Earlier, the central bank issued the “People’s Bank of China Notice on Strengthening the Management of Deposit Interest Rates”, which requires that the structured deposit guarantee rate will be included in the scope of management. The city banker told the paper: “But we do not want to significantly reduce the interest rate of structured deposit products. Once the product interest rate is equal to similar products of the big banks, customers and deposits will ‘move’.”
“At present, the inversion of our asset-side leveraged bond portfolio and debt-side financing costs is still 30-40 basis points, which can only be resolved through internal absorption,” he revealed.
The balance of assets and liabilities of small and medium banks is upside down, allowing some financial institutions involved in outsourcing investment to find new business opportunities.

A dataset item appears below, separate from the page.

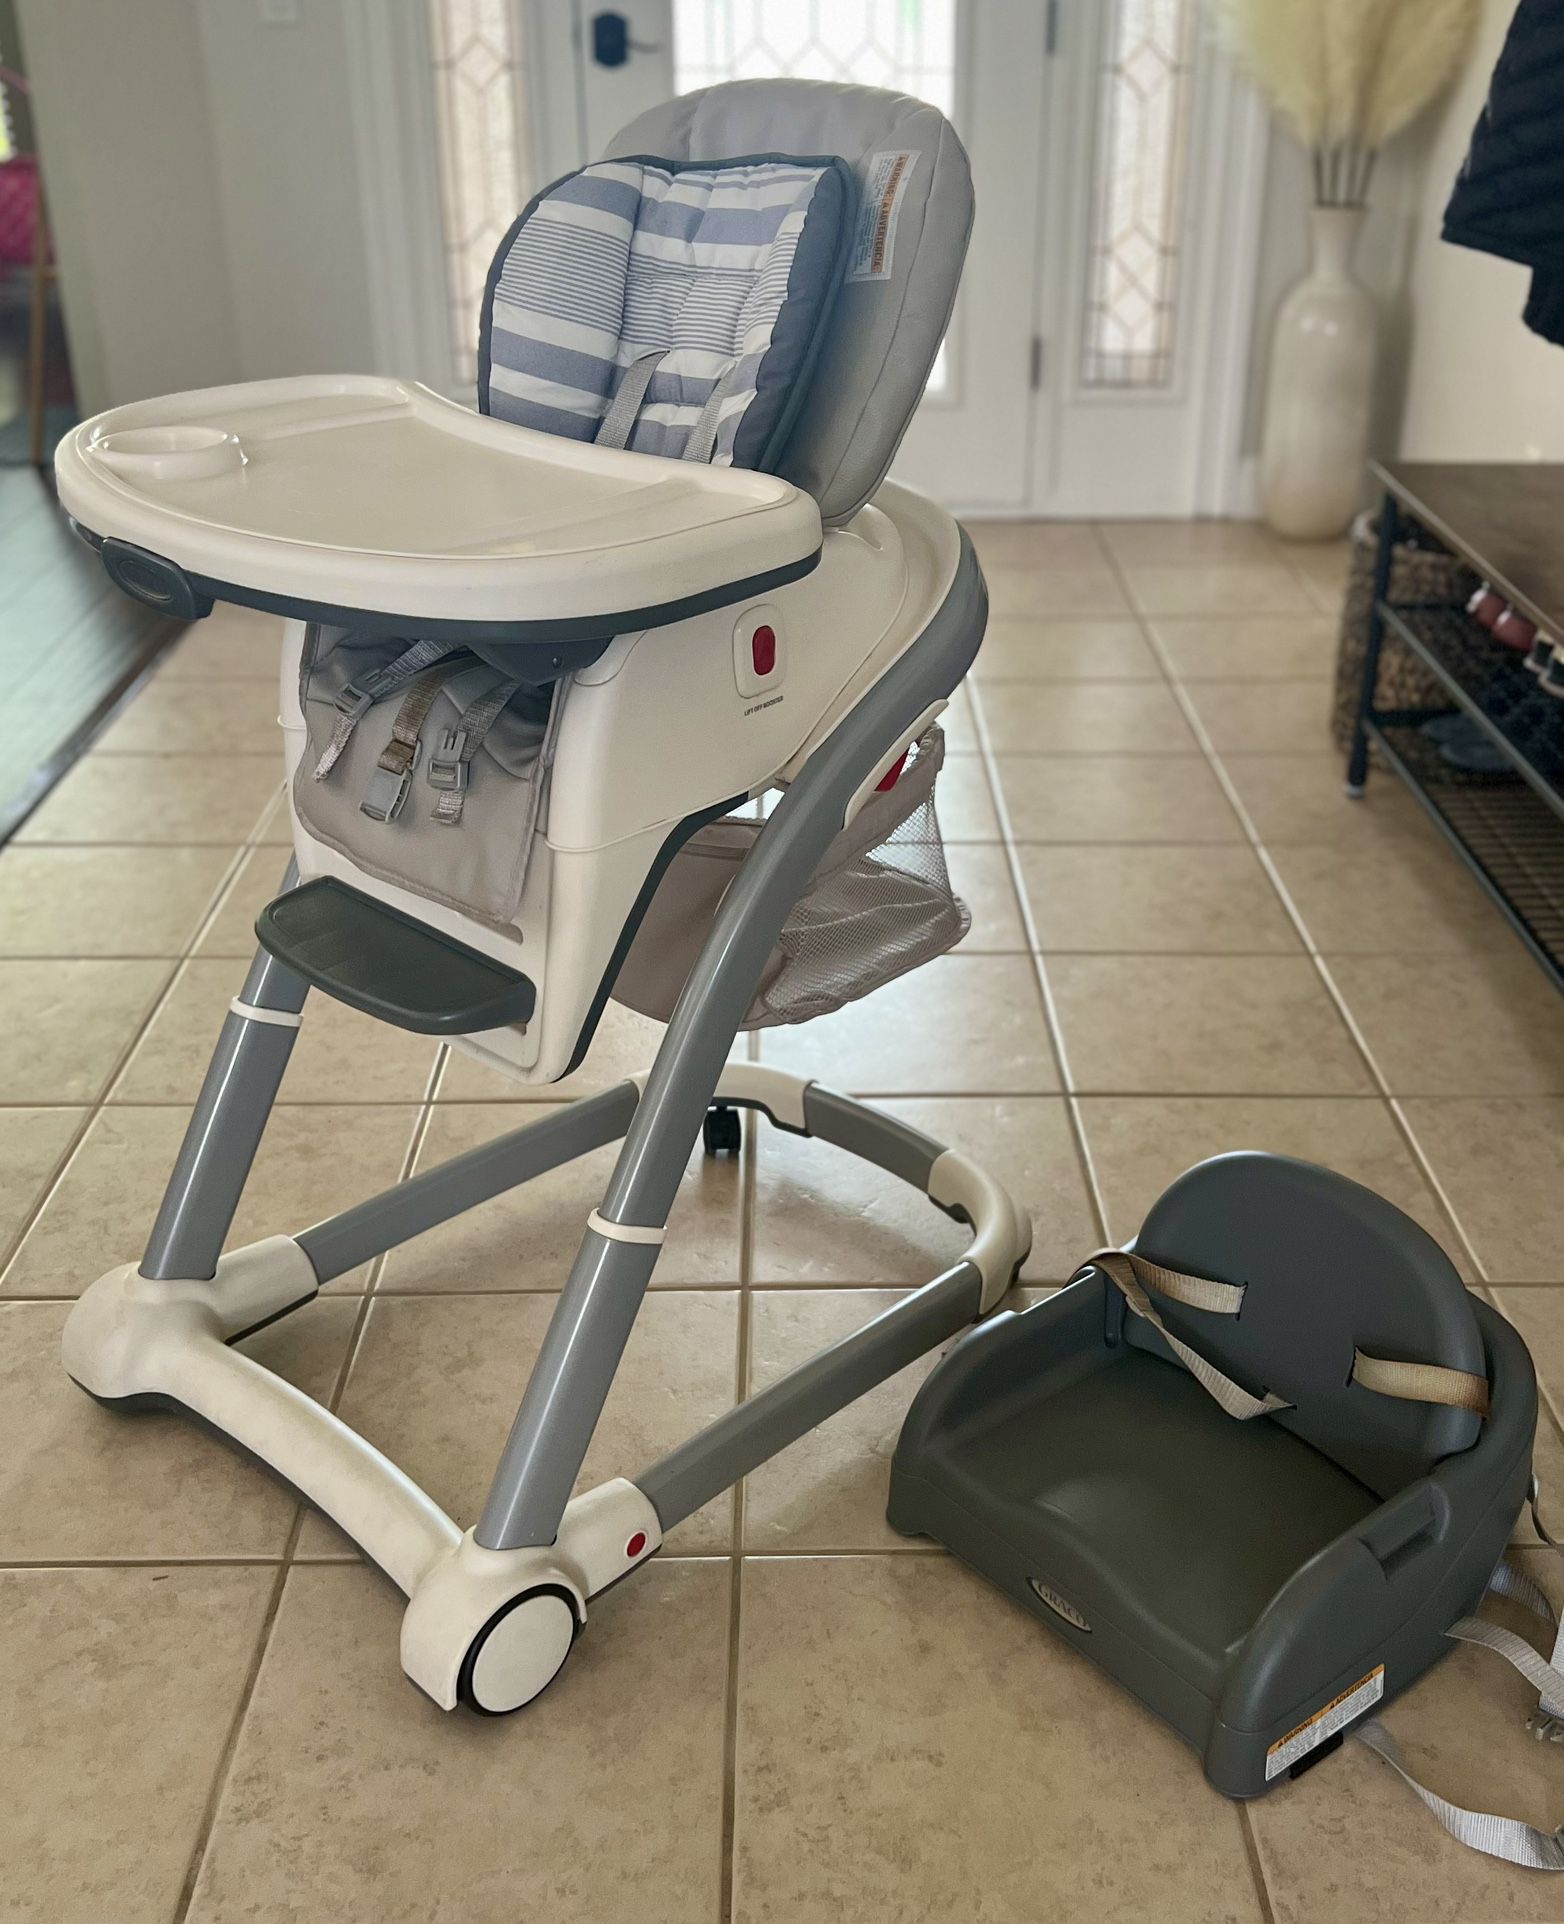 Graco Convertible High Chair With Booster

A person in charge of the bond investment department of a trust company revealed that since the end of last year, they have actively carried out roadshows to small and medium-sized banks, suggesting that banks put up more wealth management funds and obtain high returns through outsourced investment.
The above-mentioned trust company said that small and medium-sized banks have limited investment research capabilities and can only focus on investment in national debt and other types of products. The US dollar debts have been thoroughly researched to find some low-risk high-yield asset allocations.
“For example, some AA + rated urban investment bonds will not be allocated as long as we find out that the epidemic poses greater pressure on the local economic development. On the other hand, some AA-rated returns have higher urban investment bonds. If the local economic recovery is better than expected, and fiscal revenue is relatively stable, there is confidence to increase investment,” the trust company sources pointed out.
However, under the requirements of the new asset management regulations, small and medium banks are still cautious about outsourcing investment. On one hand, the requirements for the shareholder’s background, historical performance, management scale, investment strategy, liquidity status, and the team stability of the outsourcing investment partner are quite high. Unless it is a large domestic financial institution and has the ability to give the risk, it may not dare to cooperate. On the other hand, some small and medium-sized banks also put forward individual requirements, including deep participation in the investment operations of external single entrusted accounts, and they even require the right to veto certain low-credit bond investment decisions.